» **REQUIREMENT**:
The line containing "- 2004 Craig", and every line after it to the end of the listing, should be repeated exactly; the pictures should not.

» **DATA BELOW**:
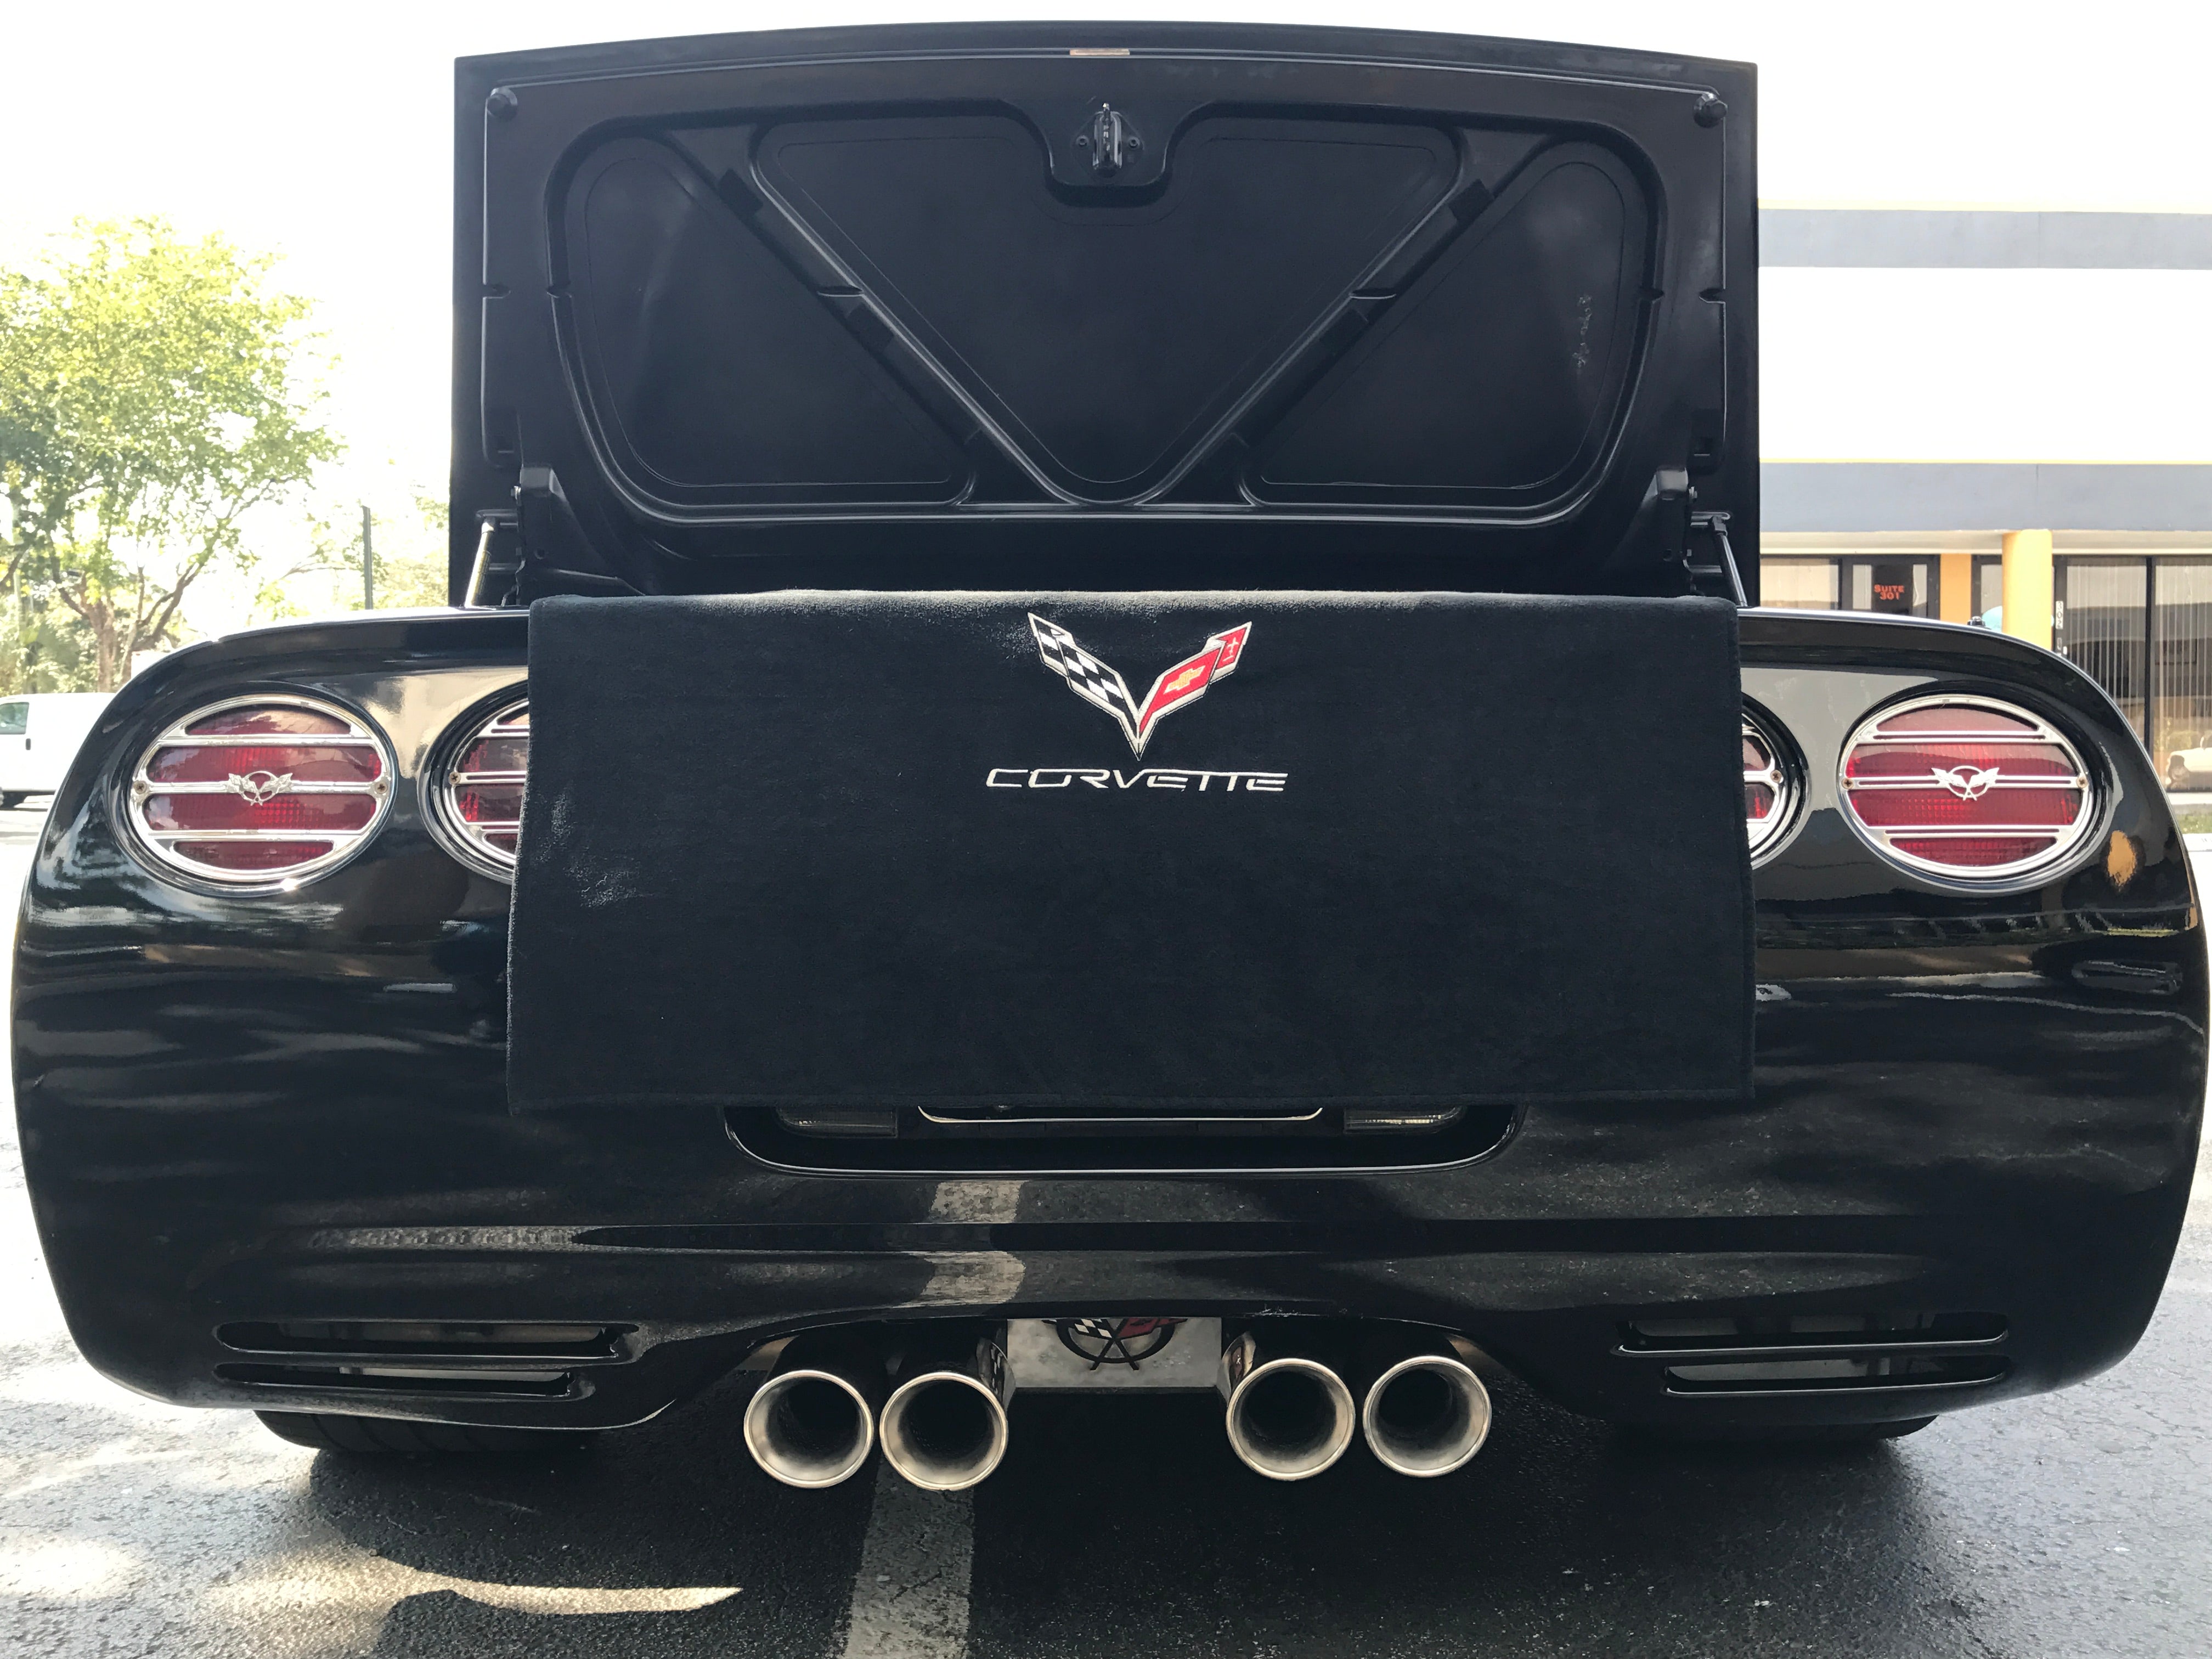 C7 Corvette Trunk Towel (2014-2019)
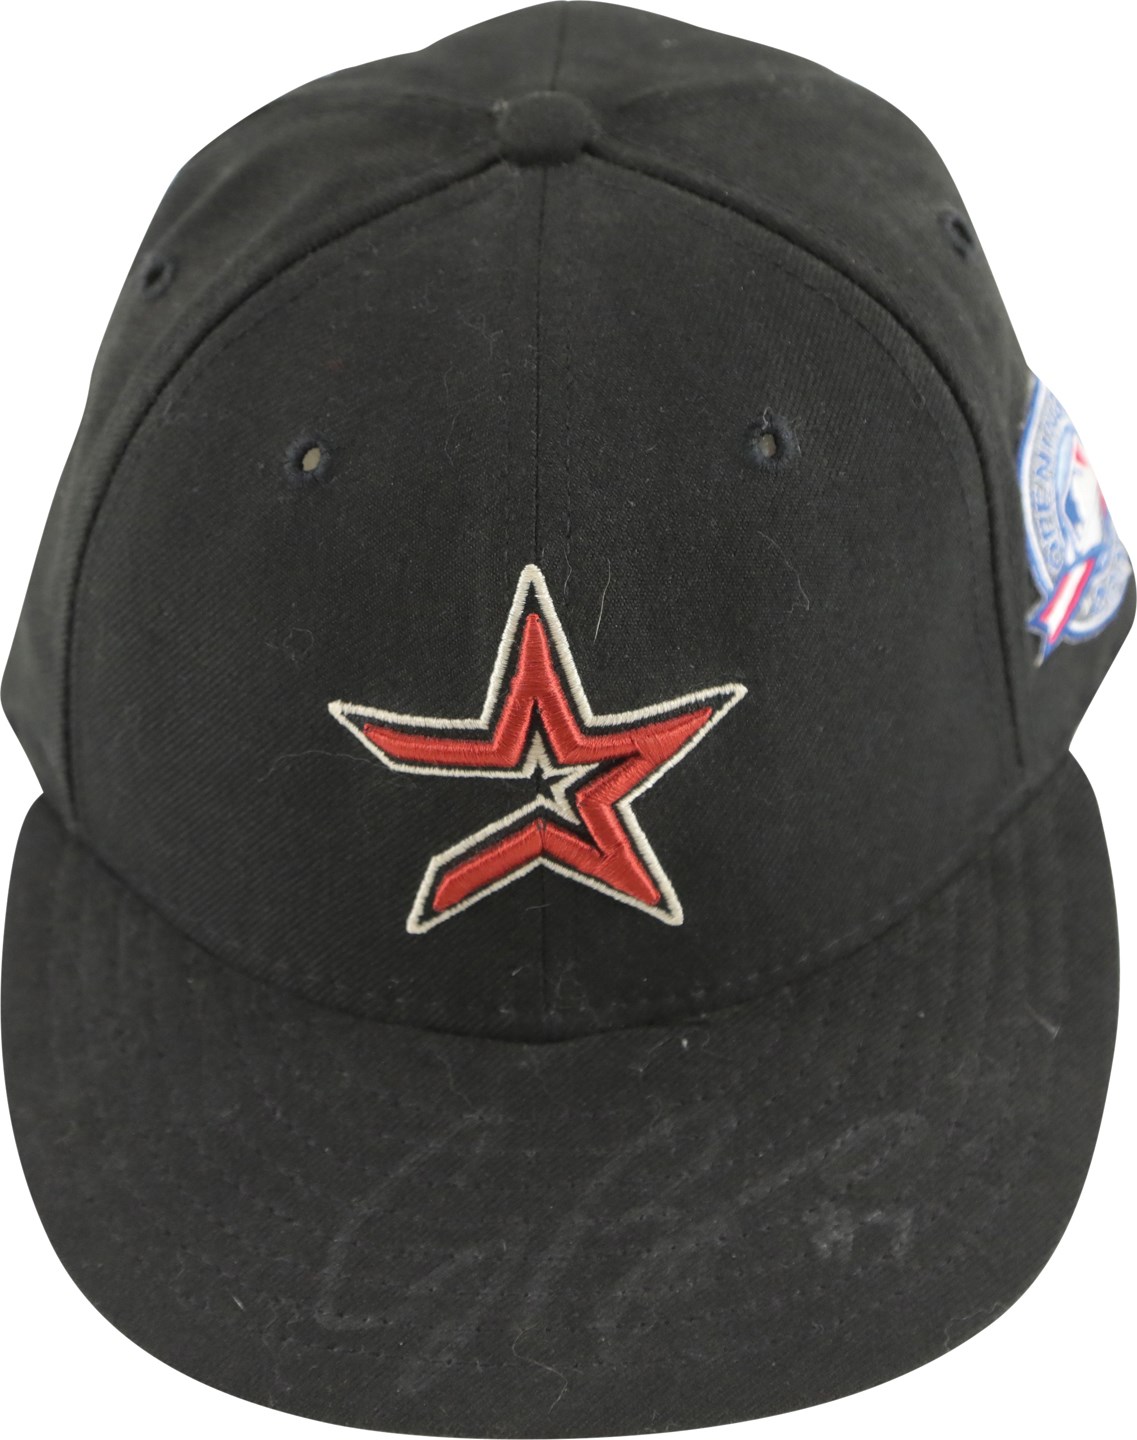 - 2004 Craig Biggio Opening Day Houston Astros Signed Hat
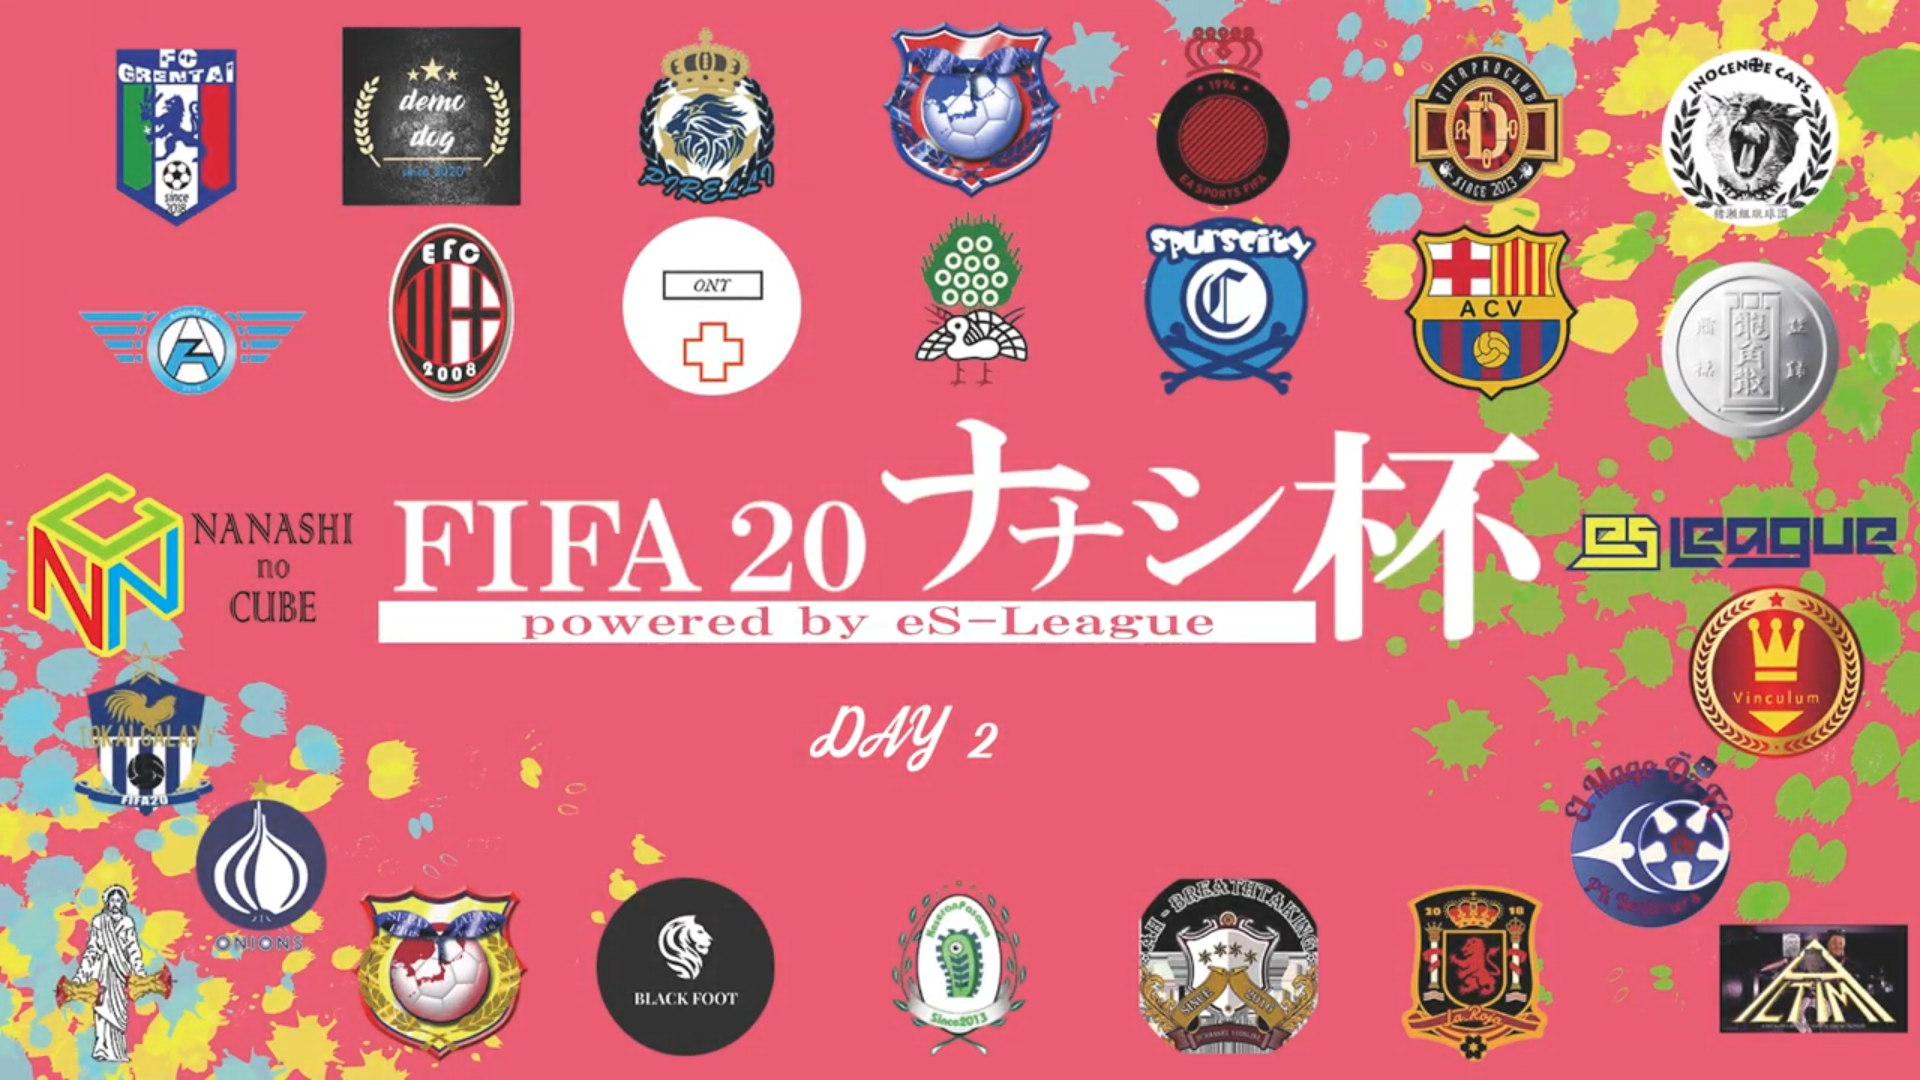 【FIFA 20】ナナシ杯powered by eS-League DAY 2【ナナシのキューブ×eS-League】

» **ANSWER SPACE**:
 - 2004 Craig Biggio Opening Day Houston Astros Signed Hat
 【FIFA 20】ナナシ杯powered by eS-League DAY 2【ナナシのキューブ×eS-League】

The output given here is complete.